1. ¹Department of Haematological and Molecular Medicine, Guy's, King's and St Thomas' School of Medicine, The Rayne Institute, King's College London, 123 Coldharbour Lane, London SE5 9NU, UK
2. ²Cambridge Unit for Bioscience Engineering, Department of Chemical Engineering, University of Cambridge, New Museums Site, Pembroke Street, Cambridge CB2 3RA, UK
3. ³Centre for Ultrastructural Imaging, King's College London, New Hunts House, Guy's Campus, London Bridge, London SE1 1UL, UK

Correspondence: Farzin Farzaneh, Fax: +44 20 7733 3877. E-mail: farzin.farzaneh@kcl.ac.uk

Received 11 April 2005; Revised 7 September 2005; Accepted 13 September 2005.

Abstract

Nonviral, host-derived proteins on lentiviral vector surfaces can have a profound effect on the vector's biology as they can both promote infection and provide resistance to complement inactivation. We have exploited this to engineer a specific posttranslational modification of a "nonenvelope," virally associated protein. The bacterial biotin ligase (BirA) and a modified human LNGFR have been introduced into HEK293T cells and their protein products directed to the lumen of the endoplasmic reticulum. The BirA then couples biotin to an acceptor peptide that has been fused to the LNGFR. This results in the covalent linkage of biotin to the extracellular domain of the LNGFR expressed on the cell surface.
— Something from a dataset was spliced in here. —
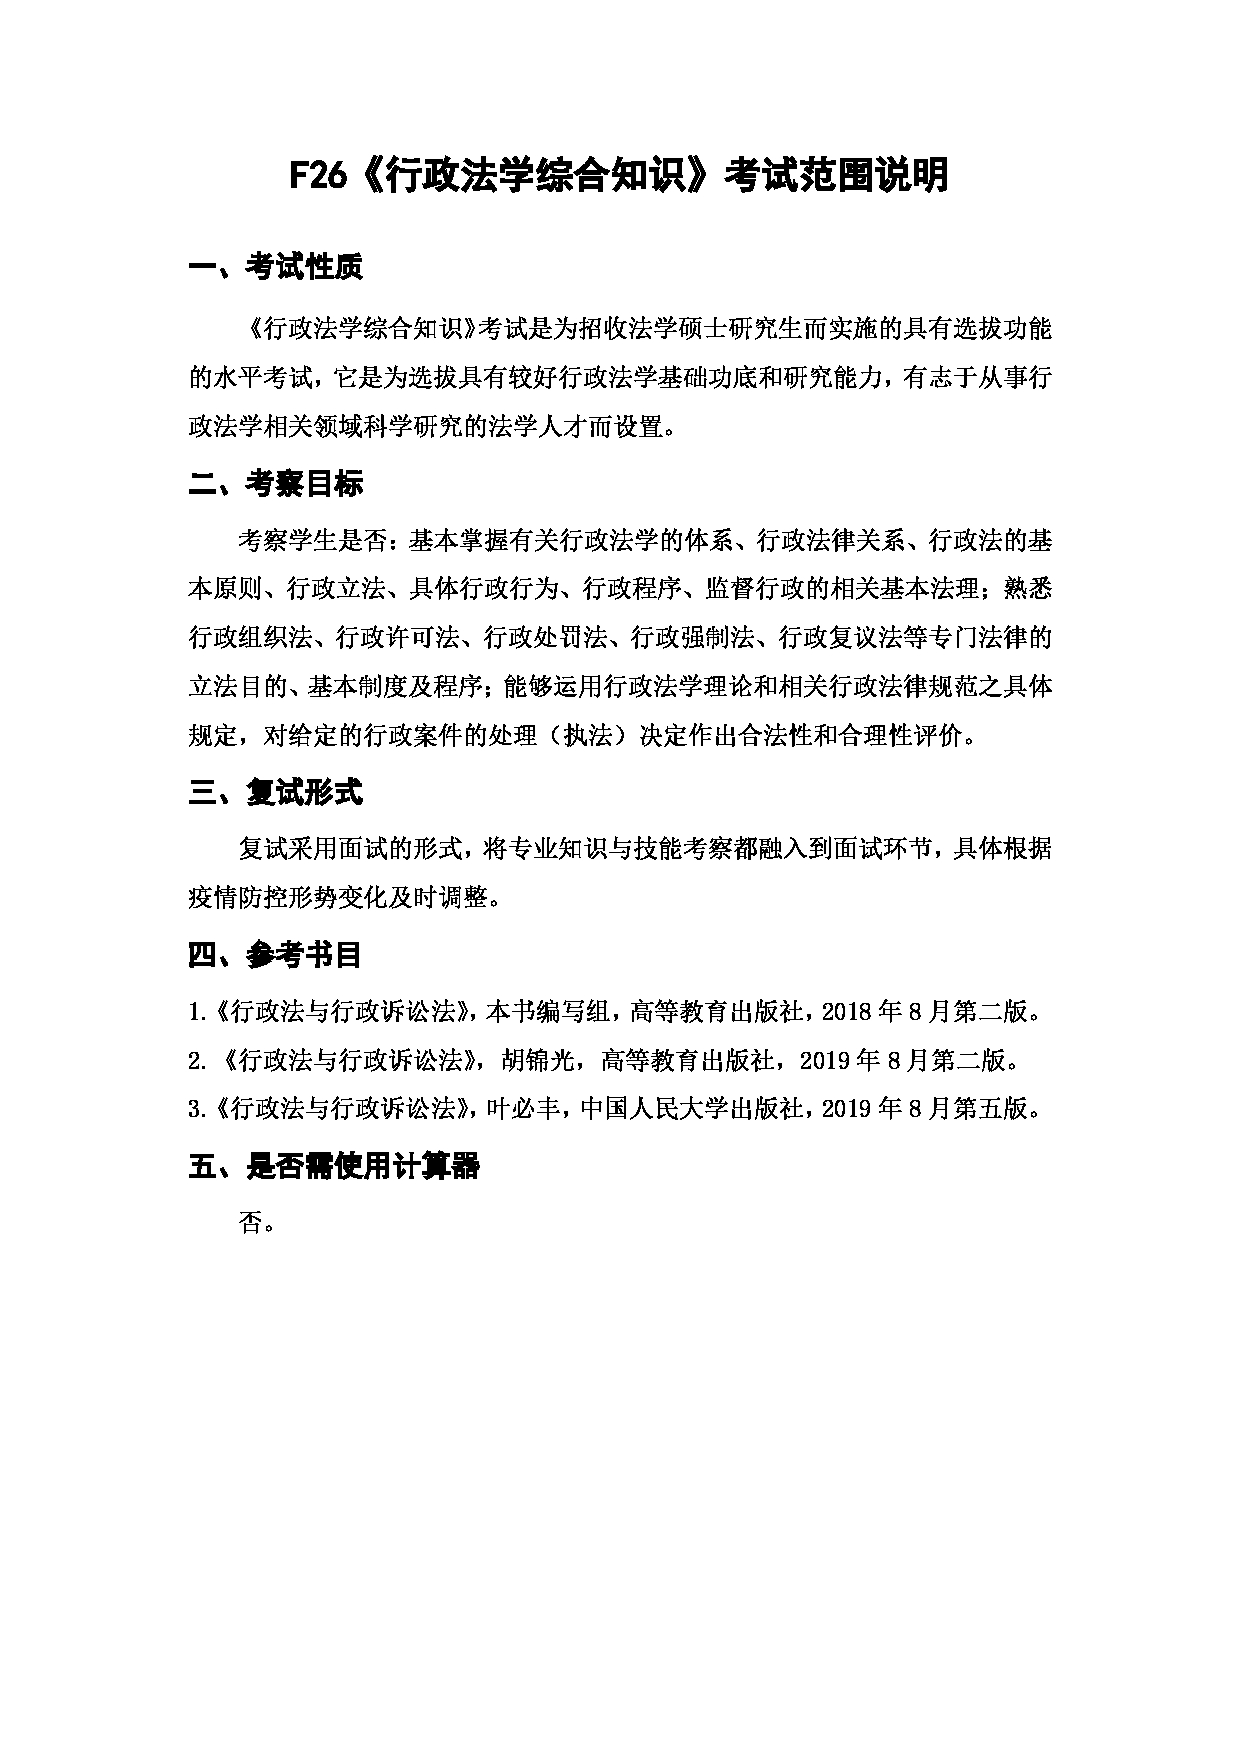 上海海洋大学2023年考研自命题科目 F26《行政法学综合知识》 考试范围第1页

Lentiviral vectors from these cells are metabolically labeled with biotin in the presence of free biotin. These biotinylated lentiviral vectors have a high affinity for streptavidin paramagnetic particles and, once captured, are easily manipulated in vitro. This is illustrated by the concentration of lentiviral vectors pseudotyped with either the VSV-G or an amphotropic envelope in excess of 4500-fold. This new cell line has the potential for widespread application to envelope pseudotypes compatible with lentiviral vector production.